5. Implications for Newtonian Noise Mitigation and Observatory Operations

The primary motivation for SeismoGPT's development is the mitigation of Newtonian noise (NN) in gravitational wave detectors:

• Advance Forecasting: Accurate near-term forecasting of seismic fields allows observatories to anticipate and subtract NN contributions to gravitational measurements before significant impact.
• Nonlinear and Spatiotemporal Filtering: The transformer’s ability to model nonlinearities and spatial structure improves upon classical approaches such as Wiener filtering, which are limited to linear, stationary signal assumptions.
• Real-Time Control: Predictions from SeismoGPT can be integrated into active vibration isolation systems, enabling proactive adjustment to incoming ground motion or detuning of interferometers in anticipation of high-seismic intervals.
• Scheduling and Sensitivity Optimization: By forecasting site-wide seismic states, observatories can optimize data acquisition periods, minimize false positives from environmental events, and allocate resources for instrument protection when forecasts indicate elevated ground motion risk.

6. Summary of Core Equations and Technical Details

Principal mathematical operations:

1. Causal Self-Attention:

$$\mathrm{Attention}(X) = \mathrm{softmax} \left(\frac{Q K^T}{\sqrt{d_k}} + M\right) V$$

with causal mask $M_{ij} = 0$ for $j \leq i$, $-\infty$ otherwise.

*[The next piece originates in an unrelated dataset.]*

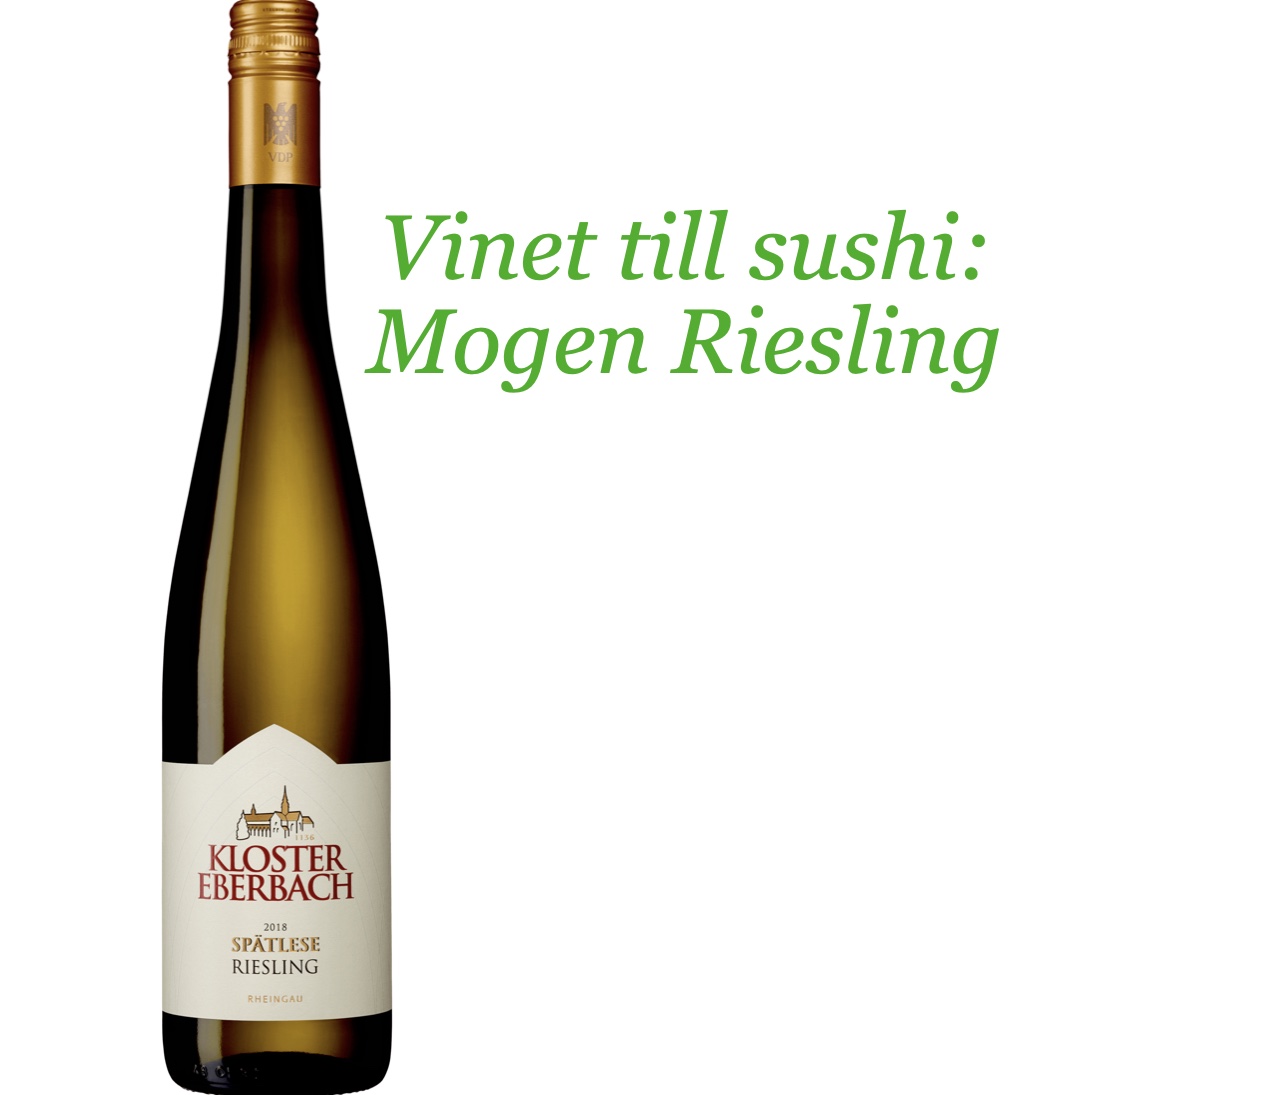 Vin till sushi: Riesling från Kloster Eberbach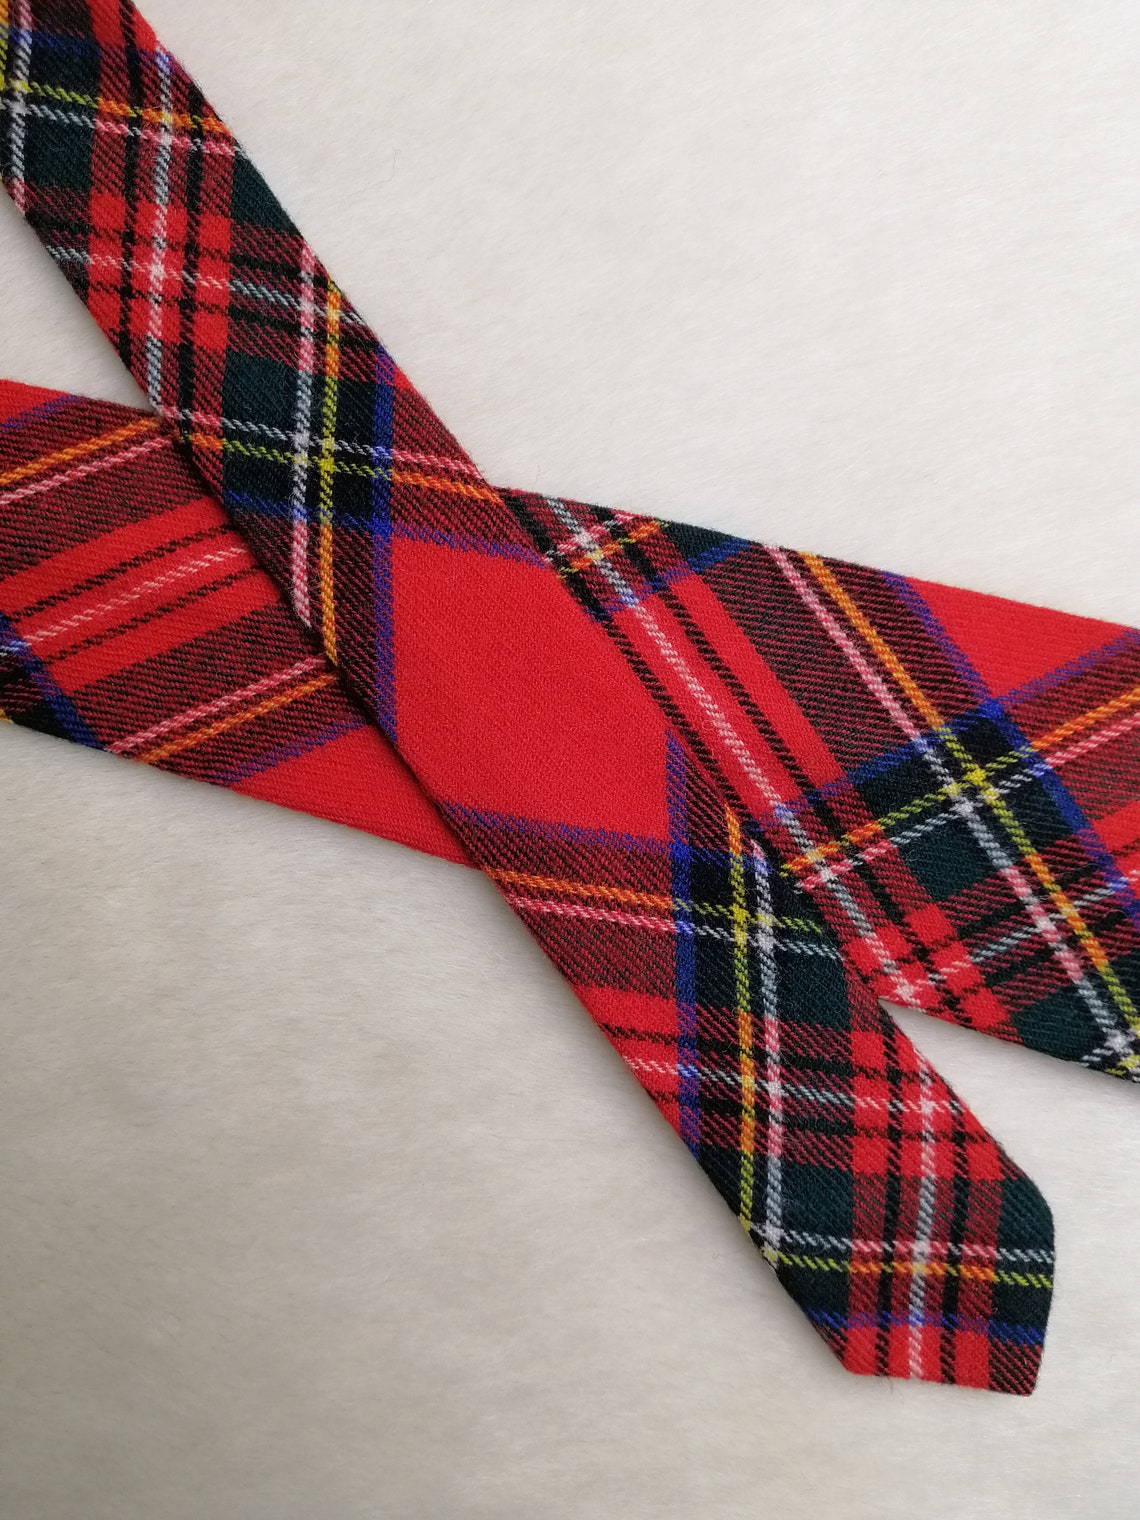 Made in Scotland Tartan Necktie Vintage Wool Scottish Plaid - Etsy

1. Waveform Tokenization and Embedding:
   • $X \in \mathbb{R}^{T \times 3}$ tokenized as $X_\text{tok} \in \mathbb{R}^{N \times L \times 3}$, flattened, embedded by 1D CNN: $Z \in \mathbb{R}^{N \times d}$.
   • In arrays: $$X \in \mathbb{R}^{B \times S \times N \times L \times 3}$$, 2D CNN embedding, branched into temporal ($Z_\text{temp}$) and spatial ($Z_\text{spat}$) streams.
2. Output projection: Final transformer output $H \in \mathbb{R}^{N \times d}$ mapped back to waveform space.

7. Outlook and Significance

SeismoGPT constitutes a marked advance in data-driven, short-term seismic forecasting by leveraging transformer models' strengths for temporal and spatiotemporal sequence modeling. Its ability to operate autoregressively and integrate array data makes it especially suitable for environments requiring high-fidelity forecasts and fast, adaptive response. The methodology generalizes readily to other dense sensor array applications requiring simultaneous temporal and spatial inference. A plausible implication is that future integration of such models into observatory control systems could substantially improve gravitational wave sensitivity by mitigating Newtonian noise with predictive, data-driven filtering (Esmail et al., 25 Sep 2025).